The state’s two Democratic senators, Barbara Boxer and Dianne Feinstein, lauded the judge as well. Ms. Boxer is seeking re-election; her Republican challenger, Carly Fiorina, had supported the same-sex marriage ban, saying it was the will of the voters. But even Ms. Fiorina has been playing down the issue.

Stuart K. Spencer, a retired Republican political consultant who in 1967 helped engineer Ronald Reagan’s winning campaign for California governor, said that most statewide candidates will avoid talking about same-sex marriage because the electorate is so closely divided.

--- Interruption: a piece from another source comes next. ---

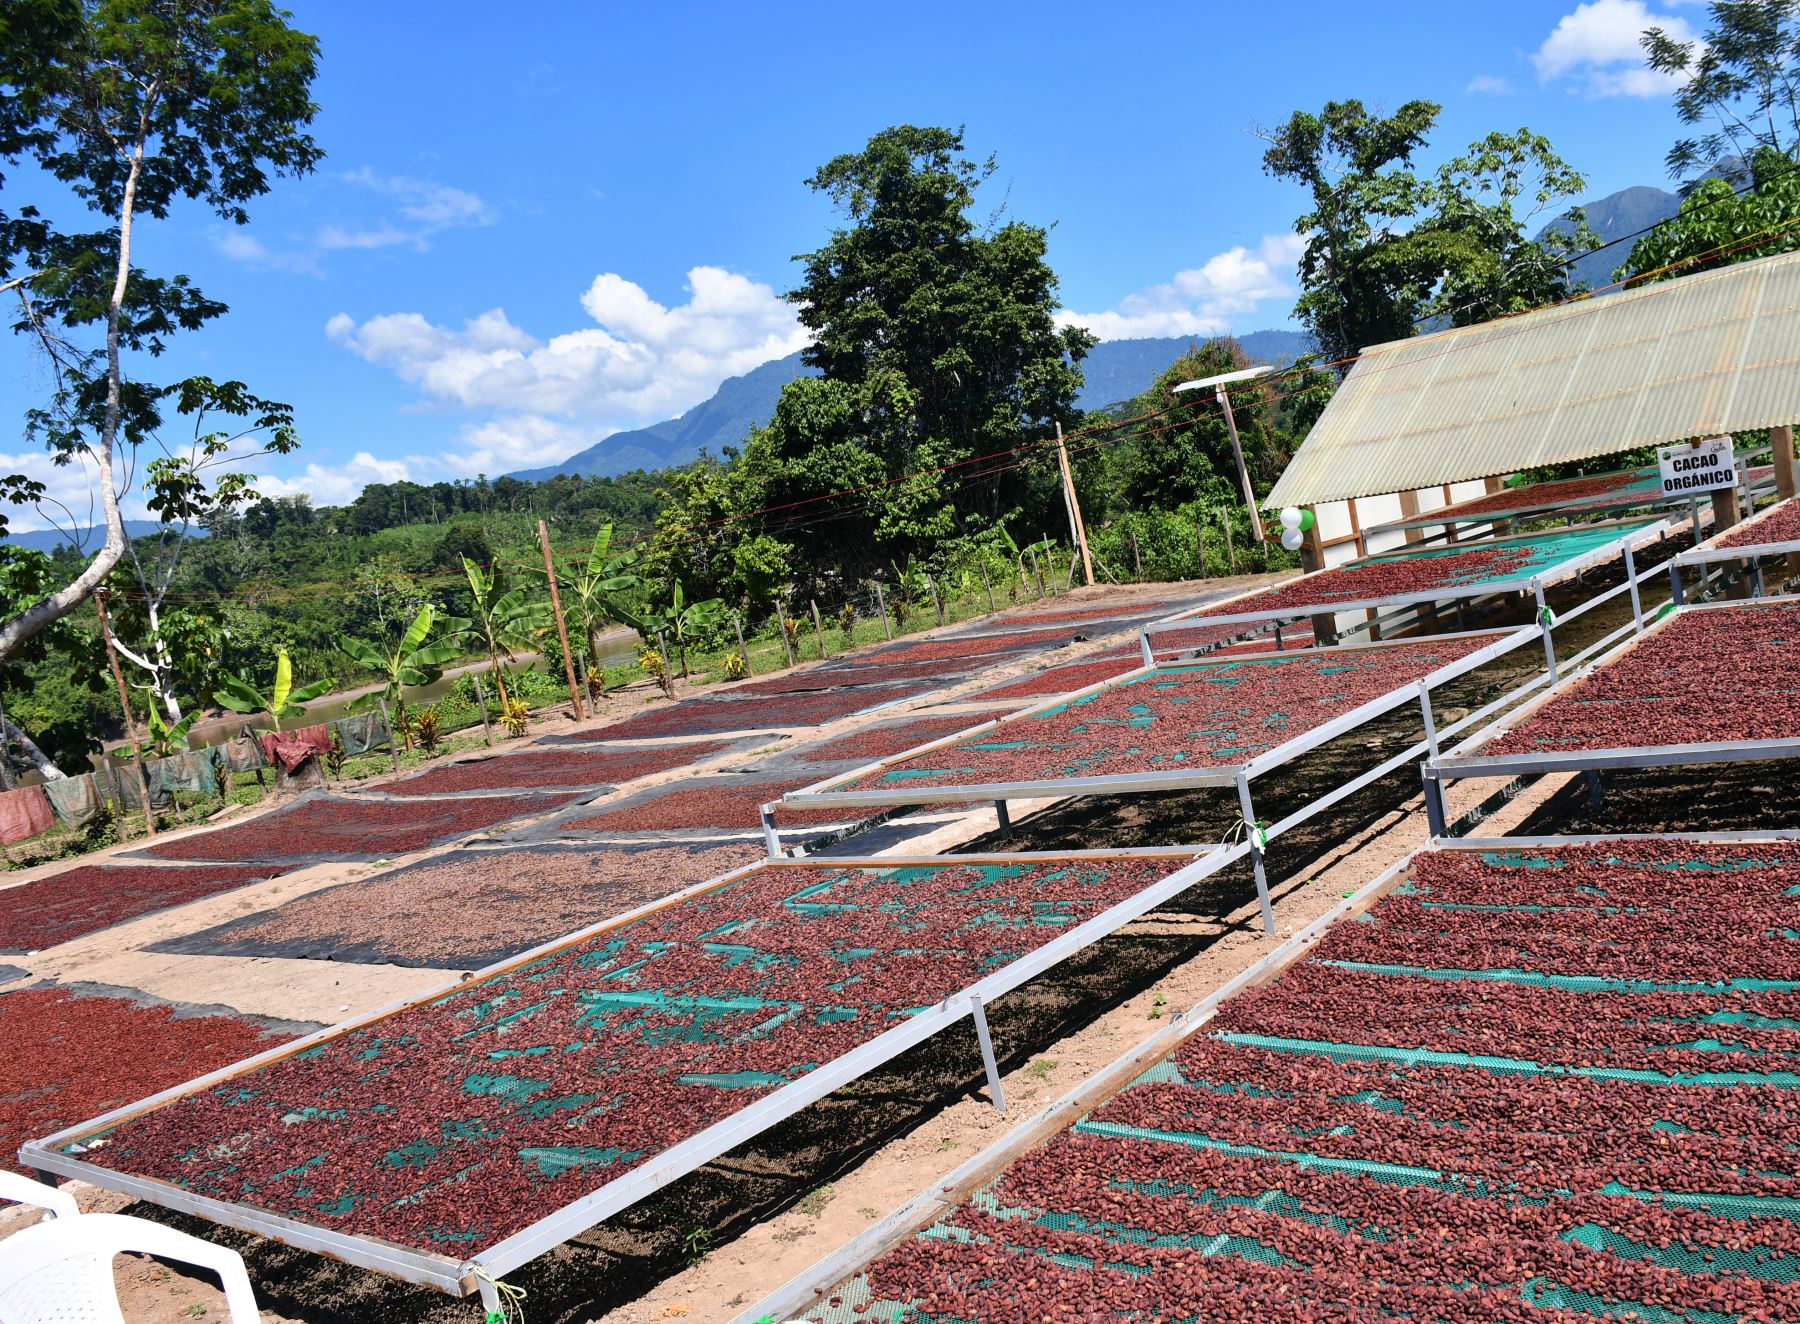 El cacao orgánico es el cultivo emblema y motor que impulsa el desarrollo económico del distrito de Pachiza, región San Martín. Foto: Jorge Quevedo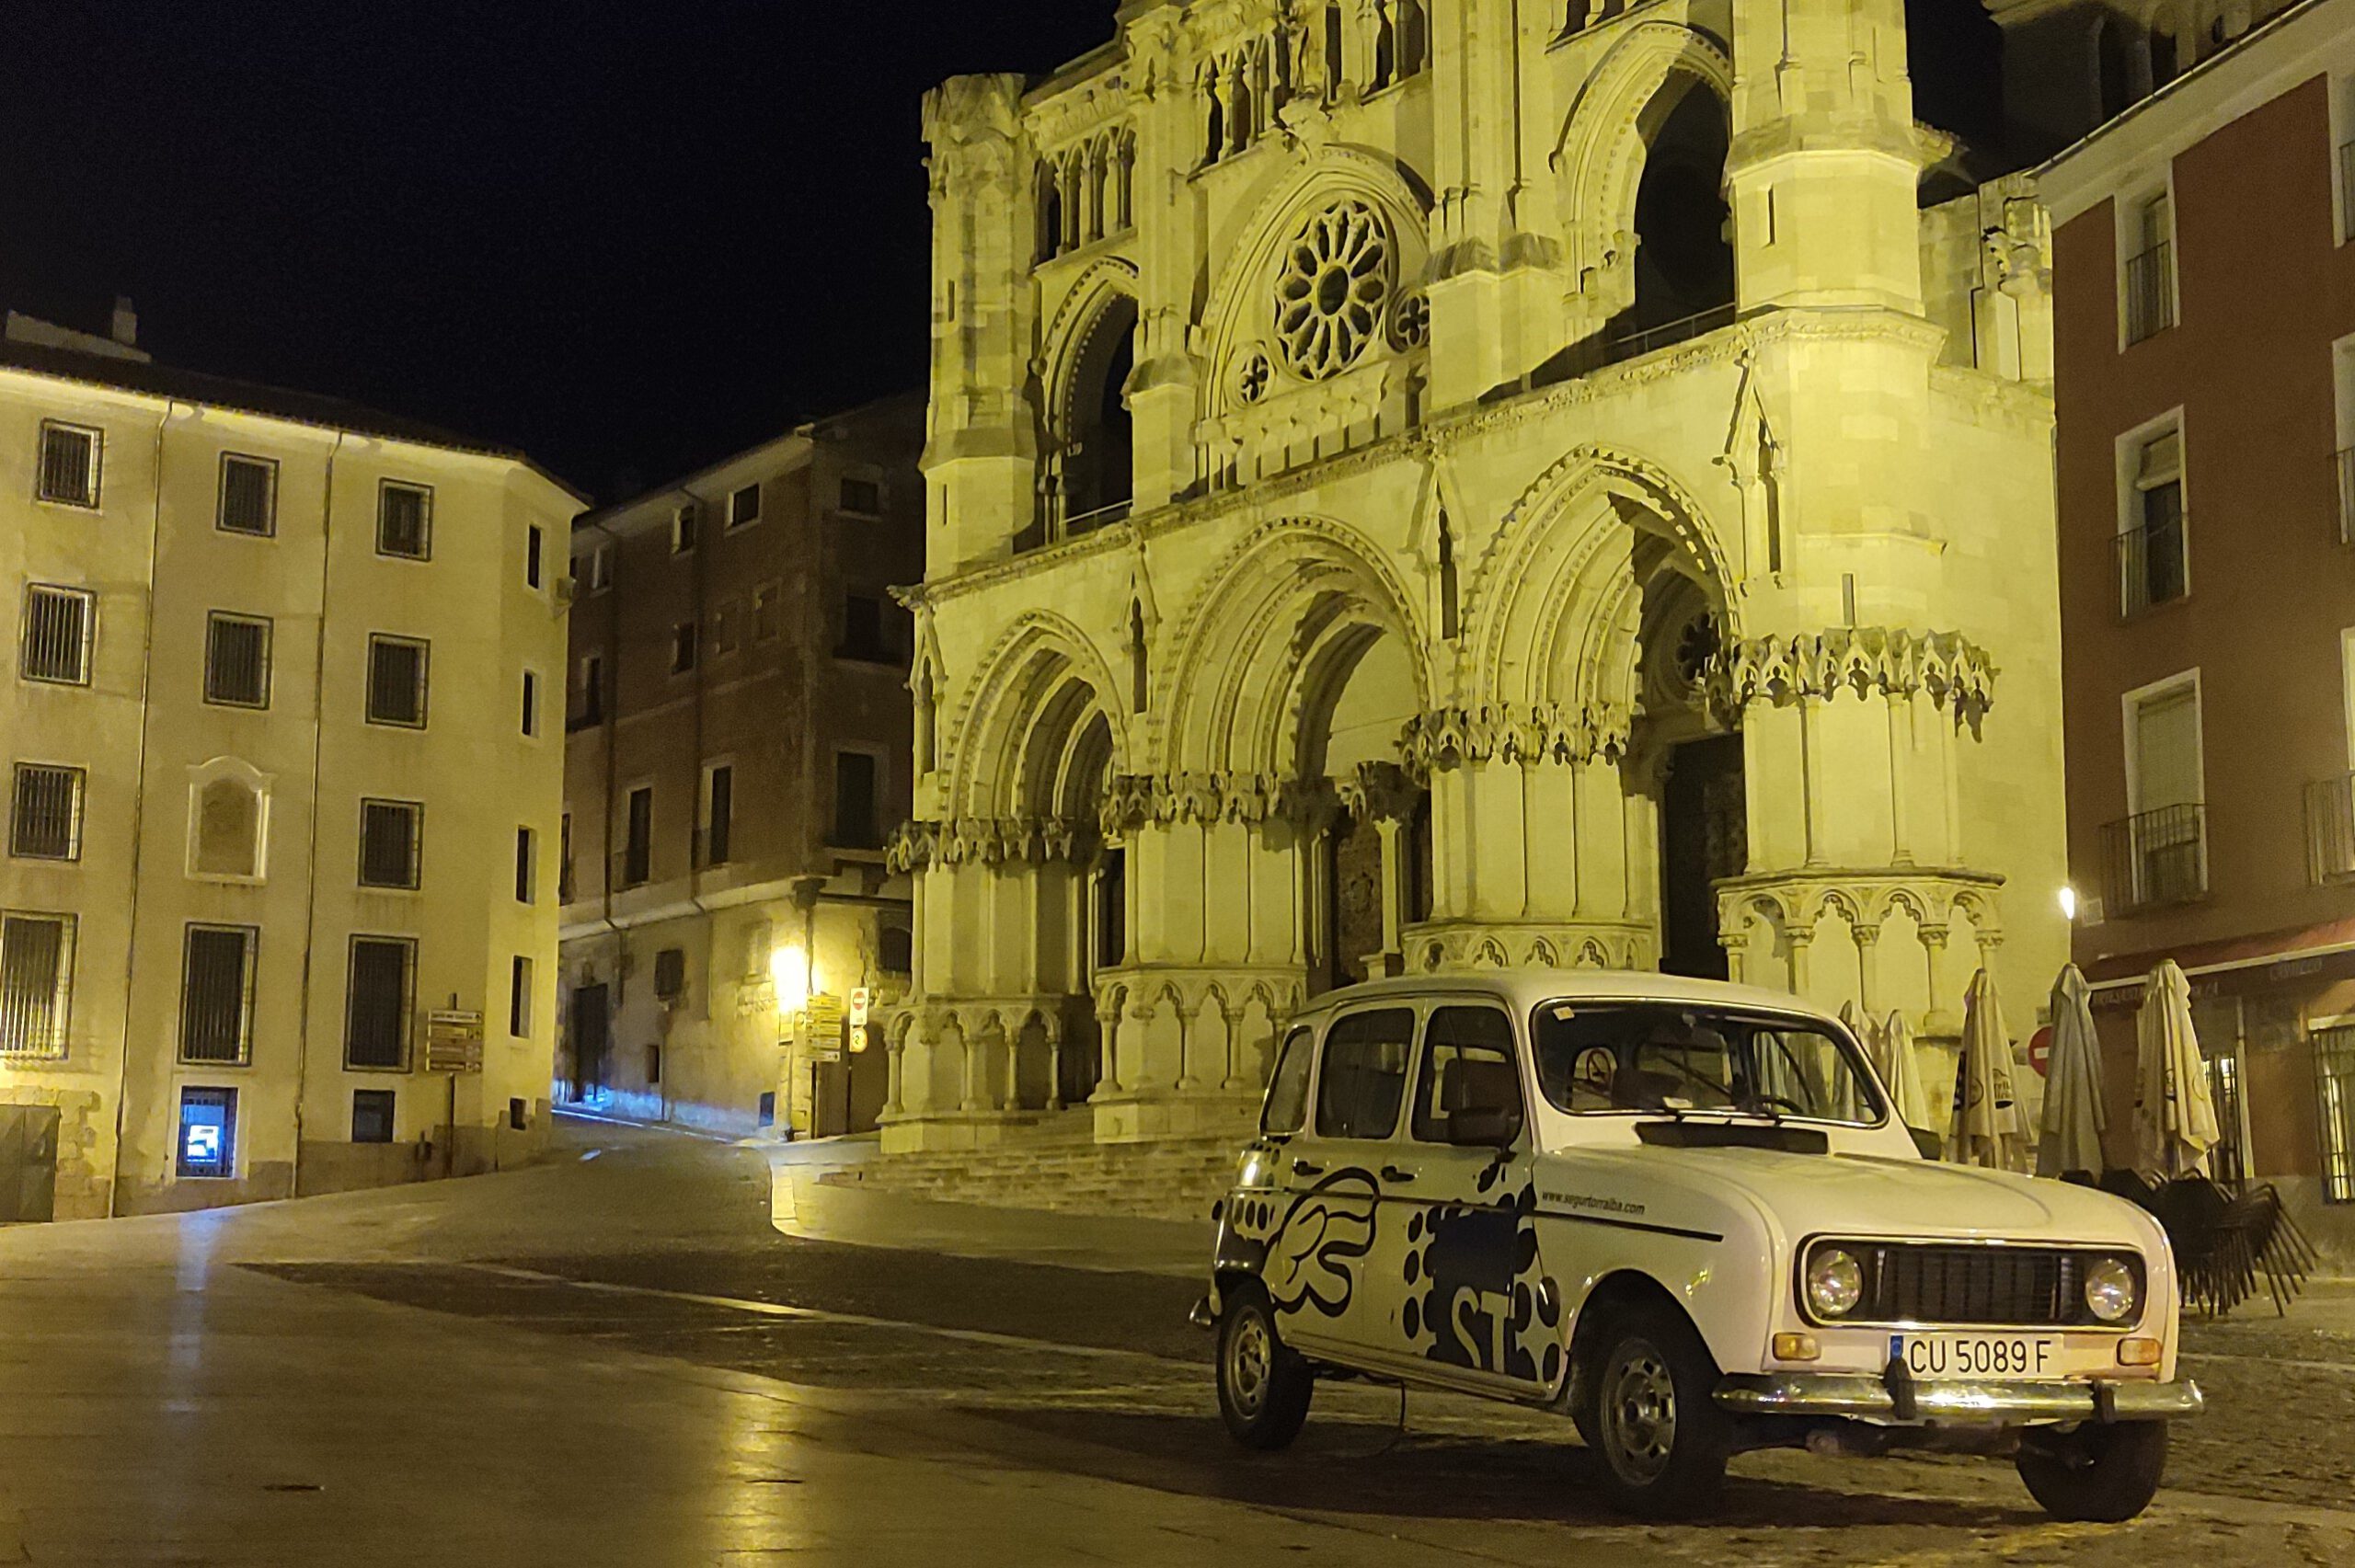 El coche 4L de Segur Torralba parado en la plaza mayor de Cuenca de noche.

On the other hand, Sherry Bebitch Jeffe, a political scientist at the University of Southern California, tells me that overturning the ban could provide a mild boost for Democrats “if it fires up the base and shakes Democrats out of their lethargy.” And Allan Hoffenblum, a nonpartisan political analyst, believes that same-sex marriage is a digression for candidates in a state where the jobless rate is above 12 percent and voters are disgusted with the repeated failure of the Legislature and the governor to balance the budget.

Bill Carrick, a Democratic consultant not affiliated with either the Brown or Boxer campaigns, however, believes that Judge Walker’s ruling is “a short-term plus for Jerry Brown and another long-term nail in the demographic coffin of the Republican Party.”

Well, if history is any guide, it is more likely that same-sex marriage may lose its potency as a political issue. In 1994, after an emotional anti-immigrant campaign during another economic downturn, California voters approved Proposition 187, which would have denied most health and educational benefits to illegal immigrants. When the law was challenged in the courts, the issue largely disappeared from the political radar screen. (Most of it was thrown out as unconstitutional in the late 1990s.)

Similarly, in 1996, California voters approved Proposition 209, which did away with most state and local government affirmative action programs. This issue also declined in political importance as the initiative took a long detour through the courts before finally being upheld as constitutional this summer.

Given this history, how could the issue actually help Ms. Whitman? While an abstract legal ruling, subject to appeal, may not bring conservatives out in droves for a candidate they don’t see as a true believer, a rush of same-sex marriages — and news media images of gays and lesbians at these ceremonies — could bring a backlash at the polls in November.

This cannot happen if the ruling remains under a stay, first imposed by Judge Walker on Wednesday. That will depend on more rulings likely involving the judge, the United States Court of Appeals for the Ninth Circuit and perhaps the Supreme Court.

This raises another question: even if the issue stays on the front burner, can Ms. Whitman take advantage of it? Signs are not promising. Her recent efforts to woo centrist voters and keep conservatives on board have not gone well. Last week she was booed and picketed when she appeared before a Latino group to discuss her immigration views. She was chastised by two popular conservative Southern California radio talk show hosts for refusing to back the repeal of a law that calls for reducing California’s greenhouse gas emissions.

In any case, it’s safe to say that the legal journey on same-sex marriage is just beginning, and few are willing to wager over which way it will turn out. The question for now, though, is whether same-sex marriage will be an effective wedge issue come November.

Lou Cannon, a biographer of Ronald Reagan and an editorial adviser and columnist for the State Net Capitol Journal.